2
$\begingroup$

I'm picturing a city-state was destroyed by rising sea levels. Rather than scatter or build dams to protect the city, they took to the seas, a 'city-fleet' of sailing ships that travels the oceans fishing and raiding.

Before I start working out details like population, ship types, culture, and magic, I want to know: is such a thing feasible? Would they be able to believably sustain themselves while still traveling as a fleet?
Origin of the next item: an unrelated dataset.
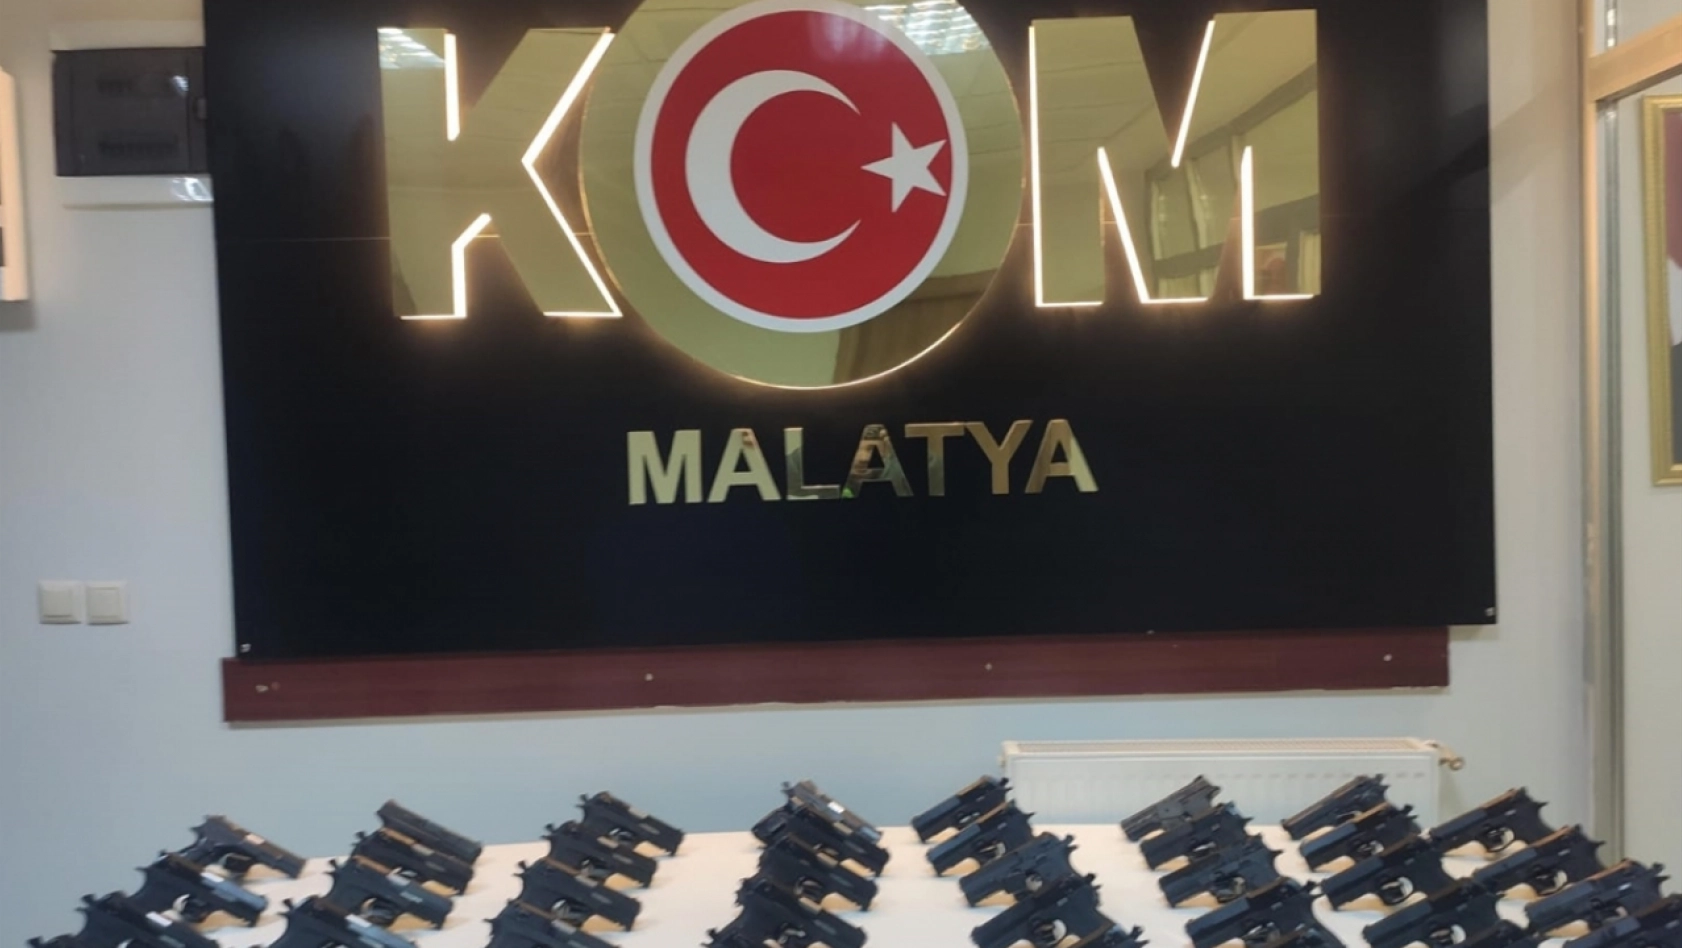 Malatya'da 38 tabanca ele geçirildi, 3 şüpheli gözaltına alındı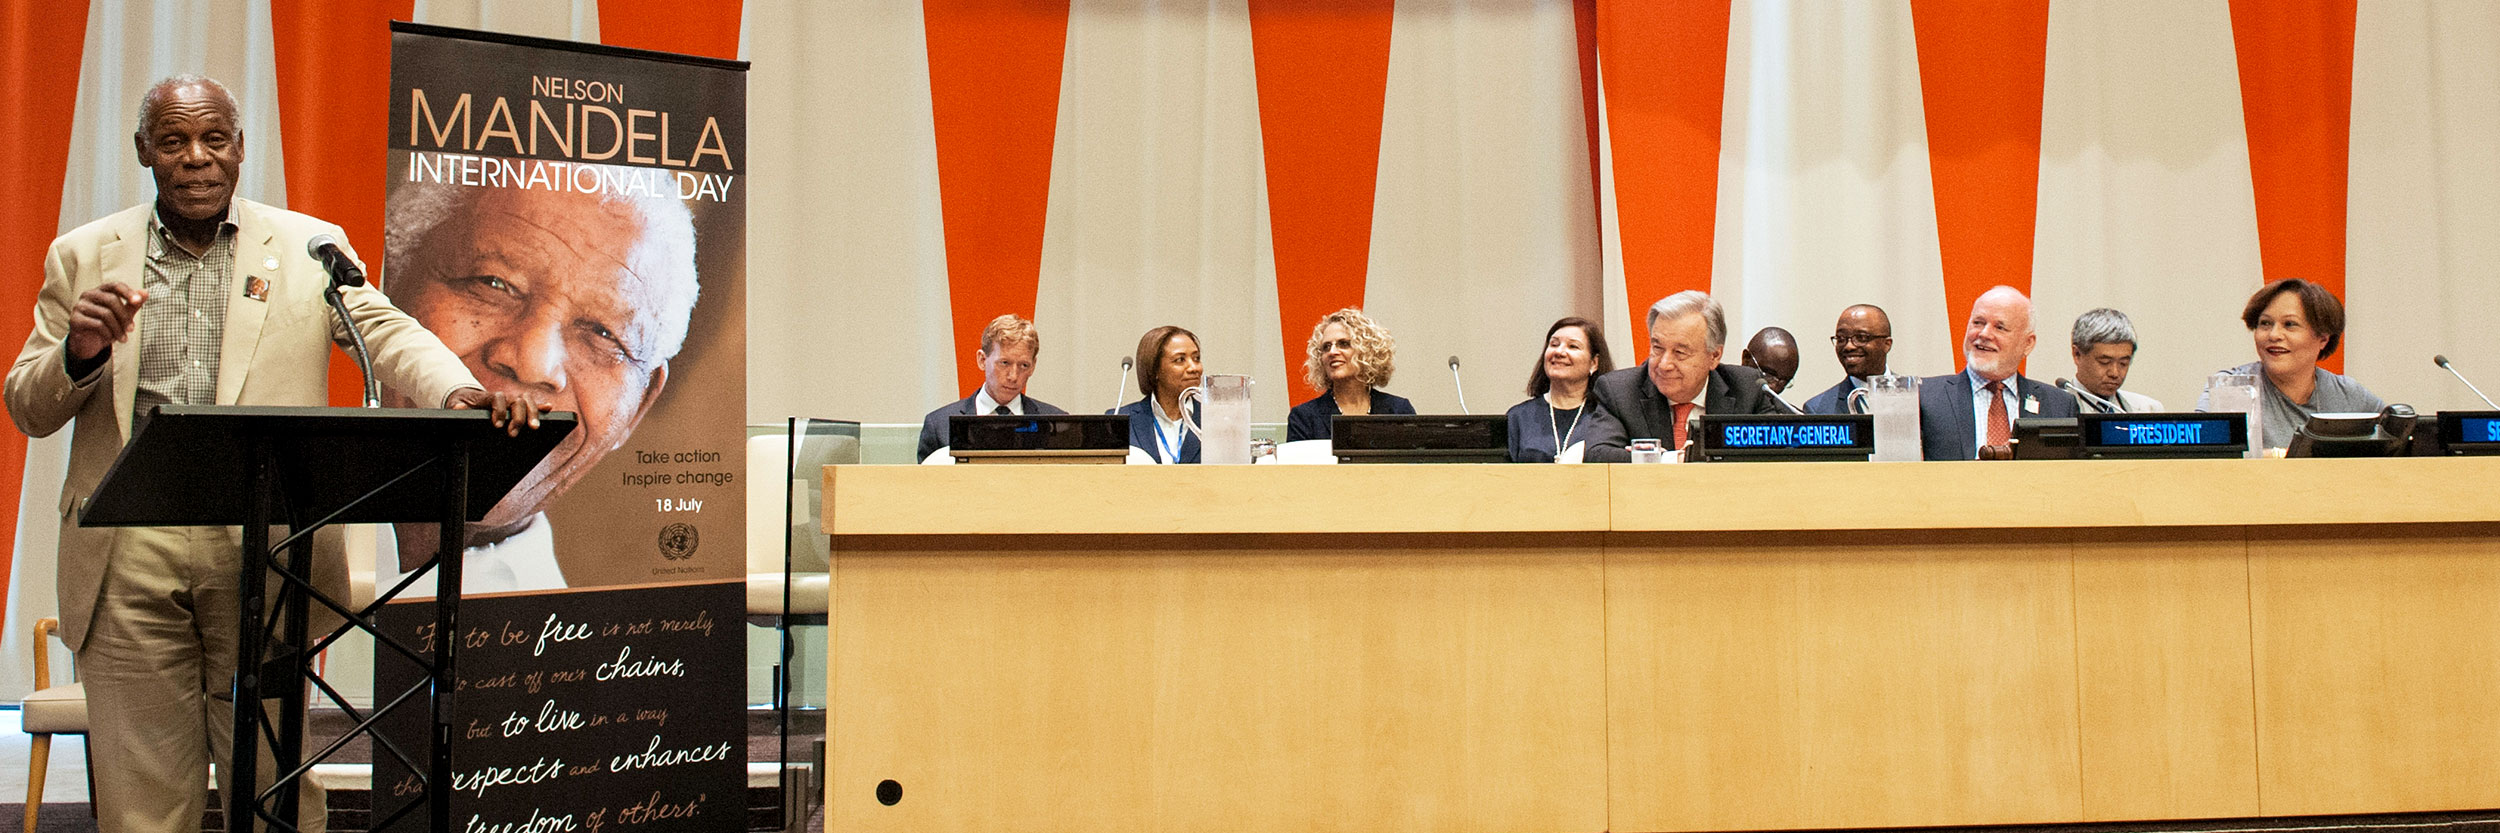 演员、导演兼政治活动家丹尼•格洛弗在联合国大会纳尔逊•曼德拉国际日非正式会议上发言。联合国图片/Kim Haughton

Since the ultimate fate of this civilization is to be wiped off of the map by a localized event (angry sea goddess), the majority of the people do have to be on the ships (it can't just be the naval force of a land-based people) and the majority of the ships do all have to be traveling together.

Potentially relevant setting details:

  • The world is much more aquatic than Earth. The continents are smaller, and islands are much more common.
  • Mermaids and other aquatic cultures exist. Potential sources for trade.
  • 'Medieval' is my starting assumption for technology level. This is not locked in.
$\endgroup$
8
  • 1
    $\begingroup$ Feasible? What does that mean to you? It'll be believable if you build the structure of your world to support this type of civilization. Are you worried that people might judge your idea "unrealistic?" Keeping in mind that the highest grossing movies of all time have been superhero movies. I ask because SE is a solve-your-problem site, not an review-your-idea site. We have difficulty with review-your-idea question because they fail a bunch of SE's rules (open-ended, opinion-based, hypothetical, etc. see help center). $\endgroup$
    – JBH
    Commented 9 hours ago
  • $\begingroup$ You want your civilization to survive natural disasters: on land this would be earthquakes, floods, volcanic eruptions. On the open sea it will be storms: much, much more frequent. We stick to solid ground for a reason. $\endgroup$ Commented 9 hours ago
  • $\begingroup$ @JBH That's fair. I may rewrite the question to something more like "How could this civilization solve [X] problems", but currently, I don't really have a good idea of what those problems would be, so I started with this question. $\endgroup$ Commented 8 hours ago
  • 1
    $\begingroup$ en.m.wikipedia.org/wiki/Tanka_people $\endgroup$
    – g s
    Commented 8 hours ago
  • 1
    $\begingroup$ they will not be very successfull at a raiding medieval cultures, they will not be numerous or as well equiped as people who live on land. And they are not getting anywhere near medieval technology. But if they just need to survive largely on the ocean there are real world people who do that. $\endgroup$
    – John
    Commented 6 hours ago

3 Answers 3

7
$\begingroup$
  • How long do the ships last?
    Historically, a single season in tropical waters could ruin a wooden hull. Shipworms, rot, storms, and so on. Wooden ships would be careened every couple of months, pulled onto a beach and scraped. How do they do that on the water? If they cannot, the ships will last a few years.
    Magic might help here.
  • Where do the ships come from?
    Regardless of how long the ships last, there will have to be new ones. Historically, this starts by growing large trees, cutting them, drying them, assembling the frame and planking them. That is done on land.
    Imagine very large rafts where ships are built. There would still be the question of where the materials come from, and also where the large rafts are assembled. In sections on other rafts?
  • Where do they get food?
    Fish and seaweed are probably not a balanced diet. Is that where the trade with the merfolk comes in?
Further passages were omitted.